Re: Call for a Gnome Media Center
- From: "Luis Villa" <luis tieguy org>
- To: "Étienne Bersac" <bersace03 laposte net>
- Cc: Ross Burton <ross burtonini com>, GNOME Desktop Devel List <desktop-devel-list gnome org>
- Subject: Re: Call for a Gnome Media Center
- Date: Sun, 11 Feb 2007 08:58:10 -0500
On 2/11/07, Étienne Bersac <bersace03 laposte net> wrote:
Hi,
> It's more usable that your proposal (get someone to start something from
> scratch) as it exists, so I don't see your point. Elisa has exactly the
> same goals as the Apple and Microsoft media centres.
Hi, my proposal was just a braindump, useful in case no project were up.

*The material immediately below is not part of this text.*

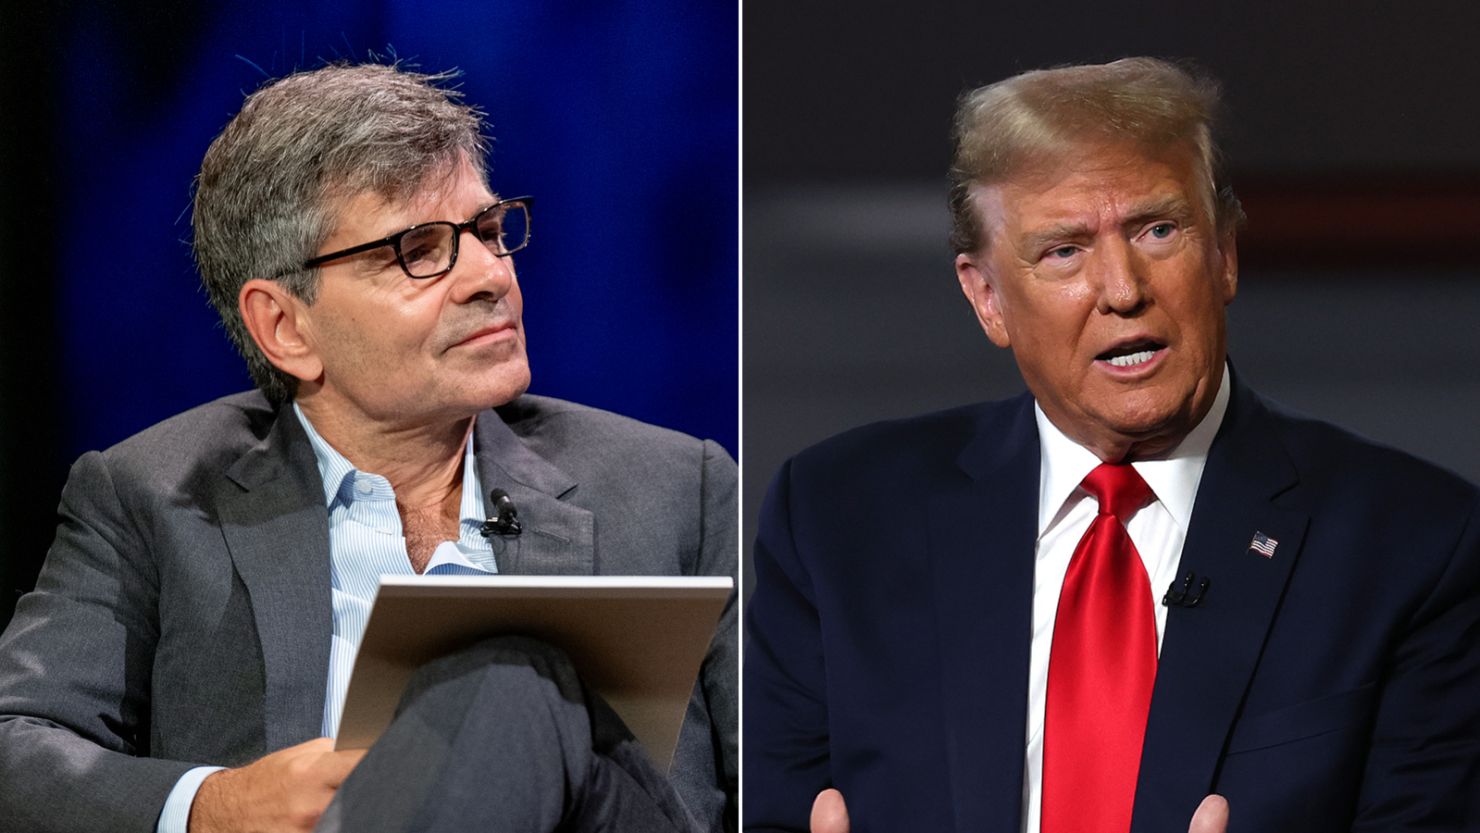 George Stephanopoulos (L) and Donald Trump (R).

Since Elisa is on, and pigment seems very nice, my "proposal" worth
nothing ! However, it seems Elisa is not "Gnome" enough. Is there plan
to integrate it ?
There are three ways something can be more gnome-y:
(1) interoperates well with existing GNOME technologies
(2) uses GNOME UI metaphors/HIG.
(3) uses GNOME libraries.
I'd suggest that (1) is critical for a 'GNOME-y' media center, and
that the other two are at best likely problematic.
To elaborate a bit on (1):
What I'd like is that when I get a new laptop and a new media player
box, to download two CDs (ignore the underlying OS for now): one that
is a 'desktop' and the other a 'media center'. When I install the
desktop, I get what we all know and love: something fairly easy to
use, powerful, etc. GNOME 2.x.
When I install the media center, I want it to immediately interoperate
with that desktop- no setup, no thinking, I want it to Just Fucking
Work. That to me is what I mean to be GNOME-y.

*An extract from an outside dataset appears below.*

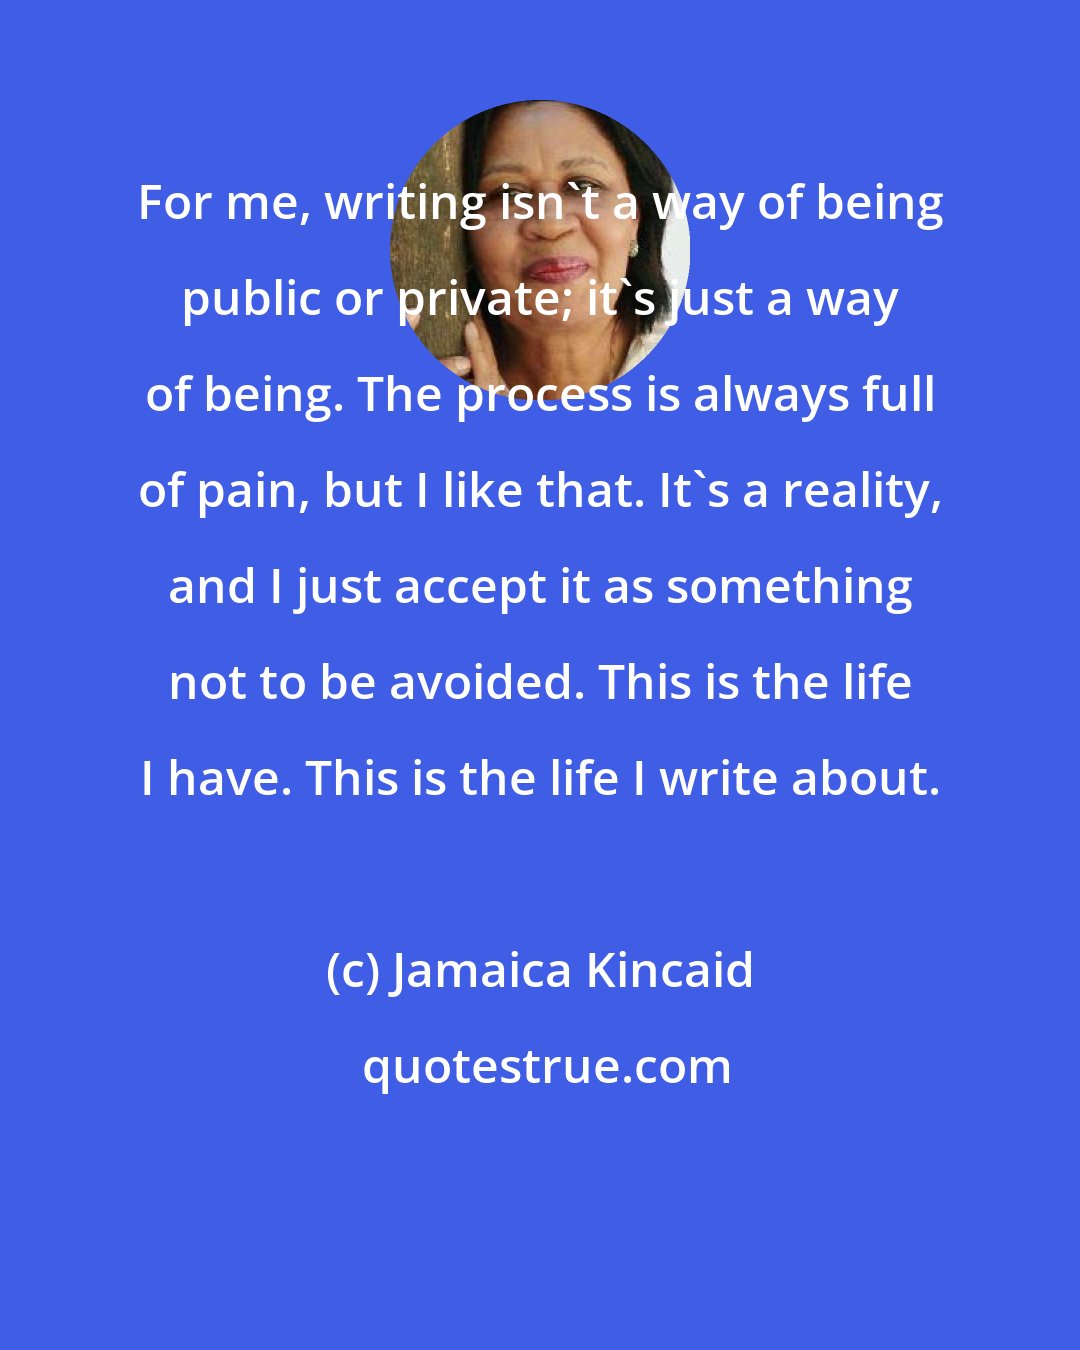 Jamaica Kincaid: For me, writing isn't a way of being public or private; it's just a way of being. The process is always full of pain, but I like that. It's a reality, and I just accept it as something not to be avoided. This is the life I have. This is the life I write about.

My f-spot should have 'publish to the TV' option; my rhythmbox should
immediately read music files from the media box, and vice versa; all
my file dialogs should suddenly offer a save location on the media
server (inc. my bittorrent client, which maybe should automatically
offer to save to a video directory?); my ipod plugged into my desktop
should allow me to get music files from my media server (my media
server is under a desk so I can't plug the ipod into it), etc.
Potentially it should offer to be the automatic backup server for my
regular desktop files, since presumably my media box has tons of free
space. (In my dream world, my N800 also immediately does smart
things.)
To me, that level of automatic, seamless interoperation with existing
GNOME apps is what it means for a media center to be 'GNOME-y'. Note
that in many cases this probably means hacking on the desktop apps as
well, but such is life- we can't just expect to have a good user
experience by hacking on one code base.
There may be some (3):
* muine does a great job thinking about albums and album covers; elisa
currently does not do that as far as I can tell. Sharing that code
(instead of reinventing that wheel) would be great.
* elisa already does use pango, I believe? (maybe I'm confusing it
with opened-hand's clutter?)(I see that it uses cairo through
'pigment'; I'm sort of surprised that pigment and clutter seem to be
substantially overlapping.)
Hard to see (2):
* radically different resolutions and font needs, not to mention
wanting more visually pleasing (aka non-gtk themed) UI
* not wanting file/edit/view menus everywhere; heirarchical menus
being crappy, etc.
I do agree that it is *critical* that we have a GNOME-y media center
like this- Apple is going to do this with their Apple TV; Microsoft is
doing this with XBox. We must push forward and innovate in this space
if we want to remain interesting/relevant in home spaces in the
future. But we shouldn't hobble it by being any more 'GNOME-y' than
good, seamless integration requires.